---------- RECORDS FOR THE TASK ----------

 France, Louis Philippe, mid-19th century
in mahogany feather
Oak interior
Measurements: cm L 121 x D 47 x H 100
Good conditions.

----------
---------- RECORDS FOR THE TASK ----------

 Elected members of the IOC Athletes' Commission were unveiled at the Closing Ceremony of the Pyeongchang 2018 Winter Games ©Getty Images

----------
---------- RECORDS FOR THE TASK ----------

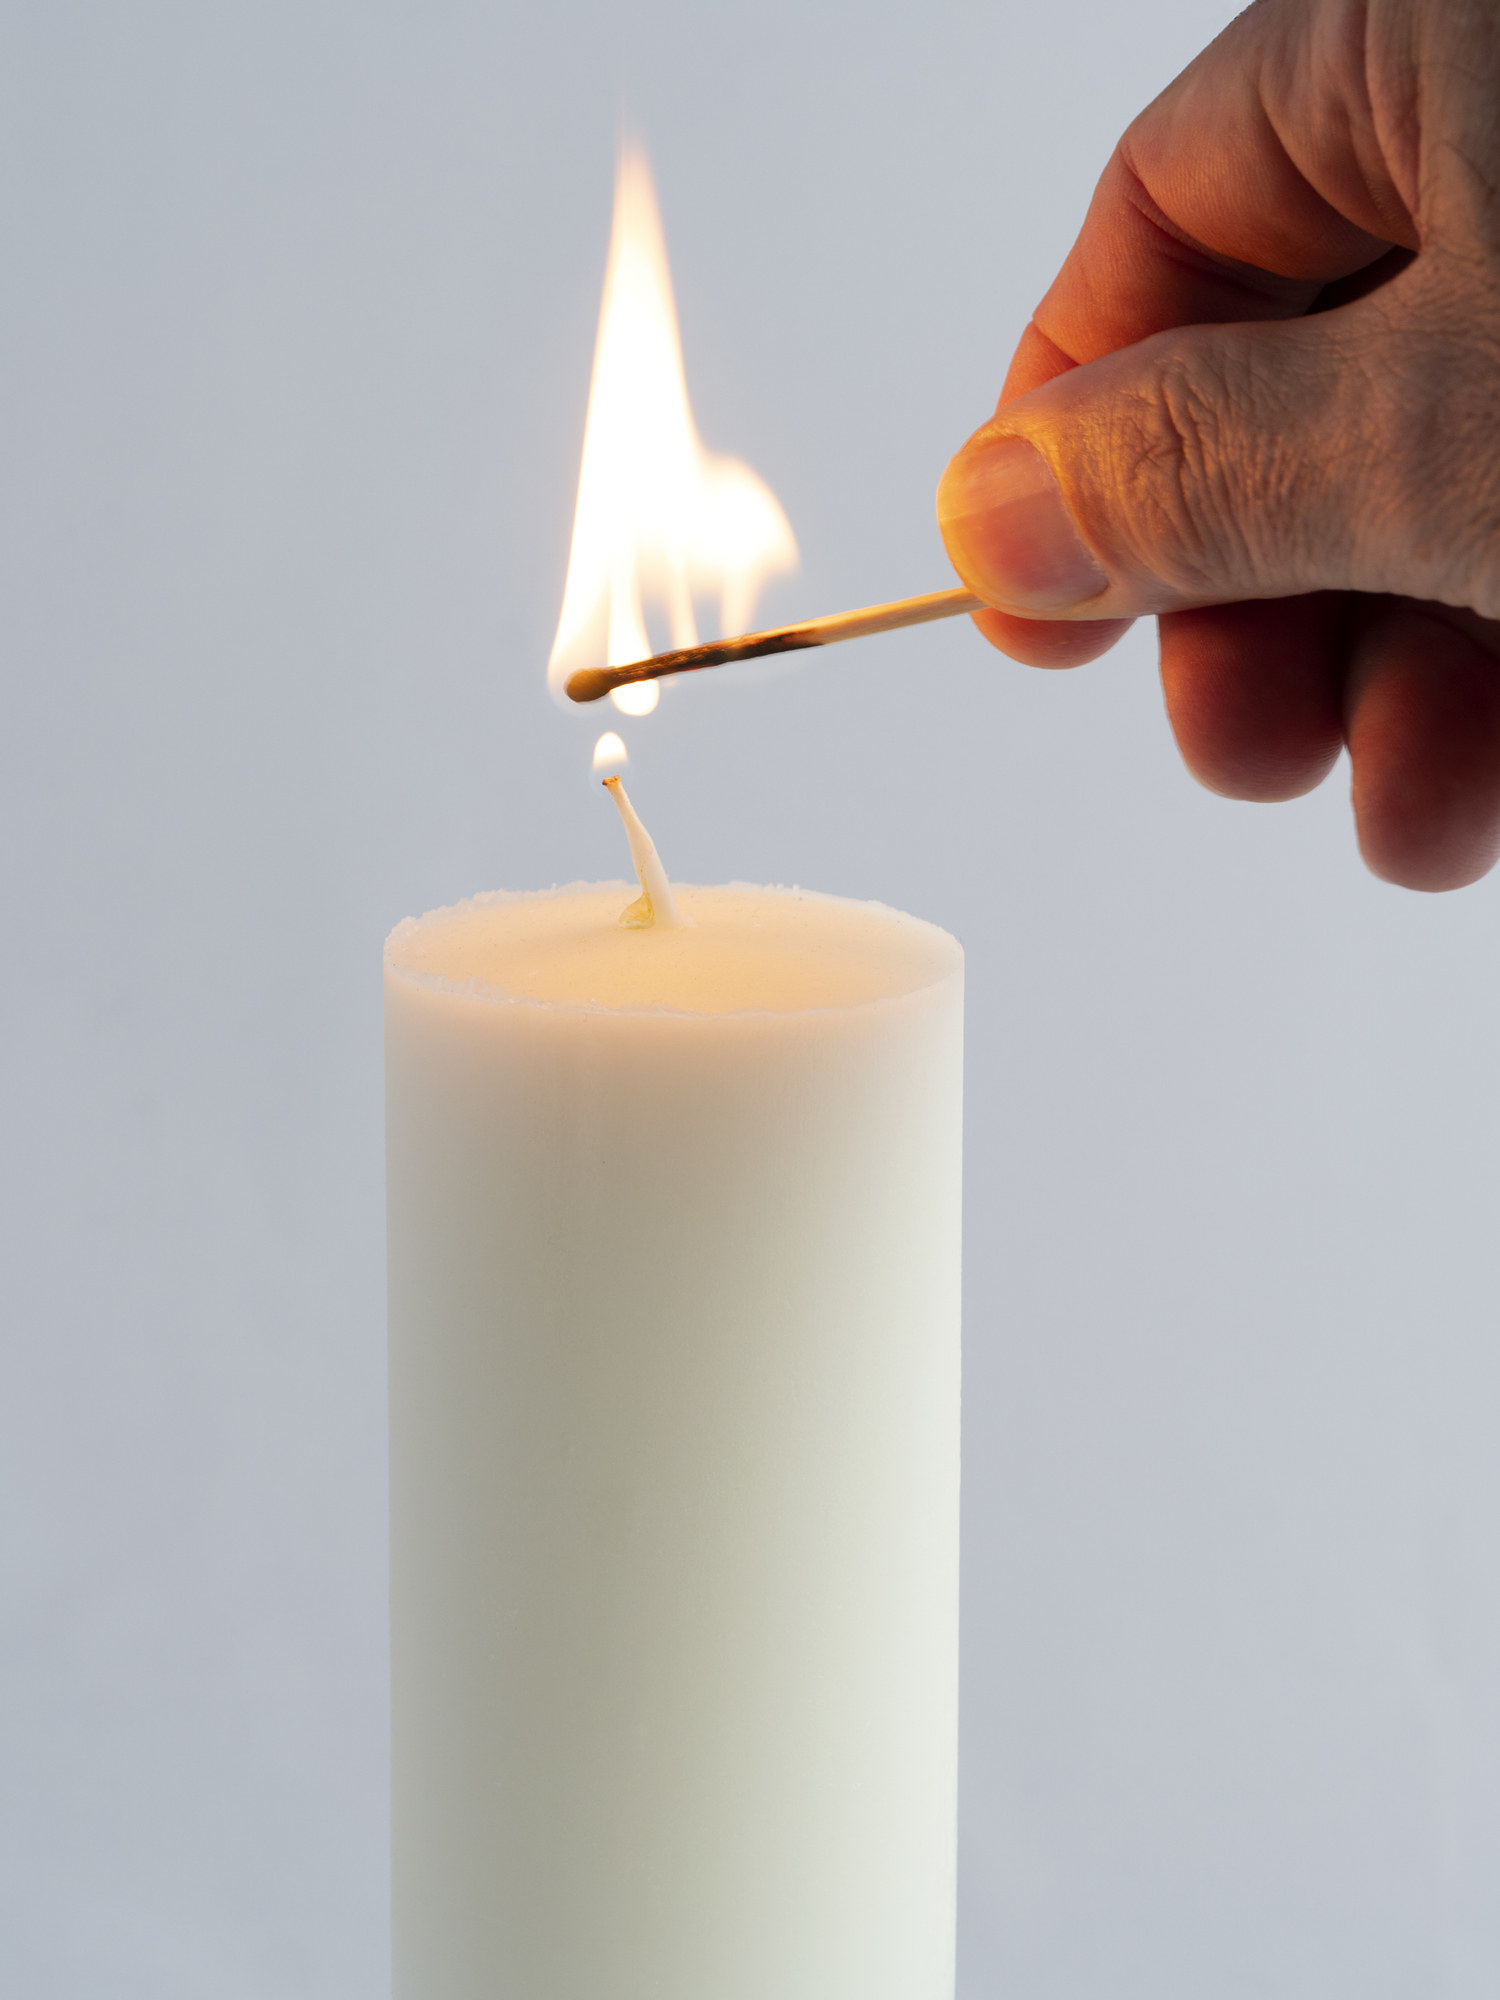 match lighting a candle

----------

◆ ASSIGNMENT:
The lines to extract from the data above begin with the line containing "France, Louis Philippe, mid-19th century" and end with the line containing "Good conditions.". Extract them exactly, including both.

◆ SOLVED EXERCISE:
 France, Louis Philippe, mid-19th century
in mahogany feather
Oak interior
Measurements: cm L 121 x D 47 x H 100
Good conditions.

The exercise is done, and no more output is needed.